My other prayer is that God can use me at this time to be a comfort to my family. But I feel wholly unprepared for such a thing. I suddenly find myself at a loss as to what to offer them other than the knowledge of the saving grace of our Heavenly Father and His gift of everlasting life, which should be sufficient given the belief that my dad was, indeed, saved. I think he was, though I regret now not having fully confirmed that during my last visit. I made the mistake of believing I would see him at least one more time. But this is proof that we can’t ever assume such a thing will be true.

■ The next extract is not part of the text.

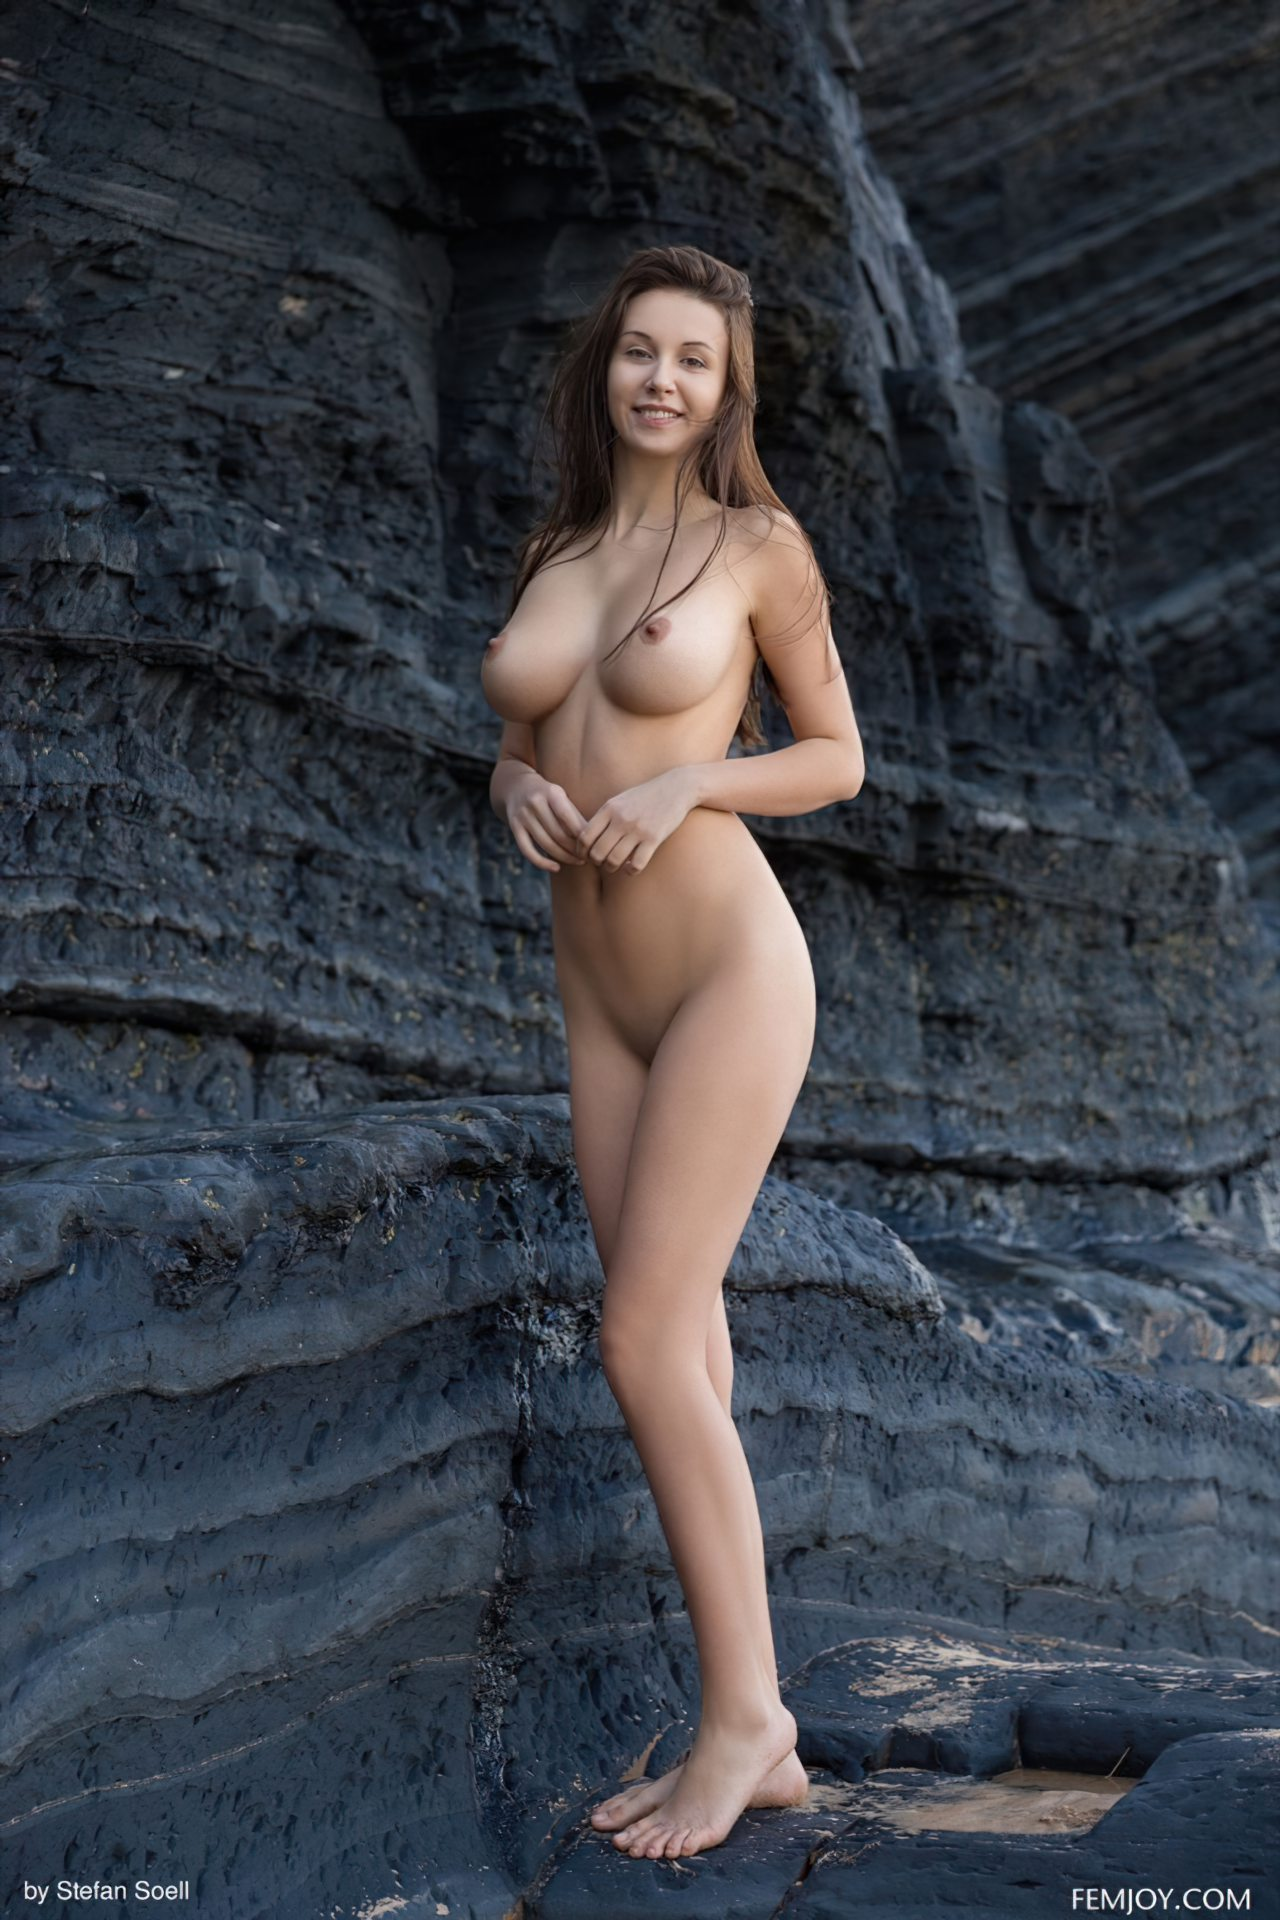 Mulher Gostosa Nua no Meio da Rocha (3)

I suppose it’s normal at such a time to feel as if all the joy in life has escaped, like the air from a balloon, leaving me to wonder what exactly will matter anymore after it’s all said and done. My God I will cling to, my faith in Him never wavering. My wife, my children, my siblings … All of them I hold dearer with each passing moment. I want to hold them all, hug them tight, and tell them over and over how much I love them. But I can’t, at least not now.

How does one go on as normal after losing a parent? I don’t know. But worse, it makes me wonder how one can carry on after losing a husband of almost sixty years? How does one deal with that much pain? That much loss? What will become of my mom when the only man she has ever loved passes away? She is not a strong woman, and never has been. I worry that she won’t be able to deal with something so devastating, and I worry that I will be useless in helping her to cope. Of course, how can I when I don’t even know how I will hold up. I’ve not cried much over the last eight months or so since this journey began. Why? I don’t know. Perhaps it’s waiting in the wings, waiting to overwhelm me at a moment’s notice.

Life seems gray today, as gray as the dense fog we drove through in the middle of the night to make it to the airport on time. Though I’m sure the colors will return, I just don’t know when that will happen. When will the things that before seemed so important to me become significant again? Other than God and my family, not much really seems to mean much anymore. But perhaps that’s the way it is supposed to be. Maybe all that other stuff is really all that small stuff of life that isn’t supposed to matter anyway. For now, it doesn’t. Time will tell if it ever does again.

As a final thought, since I found out that my dad was most likely dying, I’ve been consumed by regrets, both small and large. It’s sad that I will never have the opportunity to do anything about them, but I will have a lifetime to remember them. For all those things I did and did not do, dad, I’m sorry. Know that I have always loved you and always will. You were a wonderful father to all us kids and a caring husband who, until the day you passed away, loved my mother dearly. You placed her up so high on a pedestal, even after all the years together, that you still didn’t believe you deserved a woman like her. Well, you did, dad. You did.

A song has been echoing through my mind over the last several hours. It fits this moment in my life perfectly. It’s entitled Everything I Own by Bread. Upon a first listen, most people easily dismiss the song as a typical “guy loses girl” tune. But the truth is, it has a much deeper meaning. As explained by the man who wrote the song, David Gates, it was written for his father after he passed away. Listen to the song and, if your dad is still alive, give him a call and let him know that you love him and that you were thinking about him. If your father has passed away, remember him, and share his memory with your children so that he can, in some simple way, live on in the hearts and minds of those of which he is such a fundamental part.

I love you, Dad. Your “dash” counted for way more than you’ll ever know.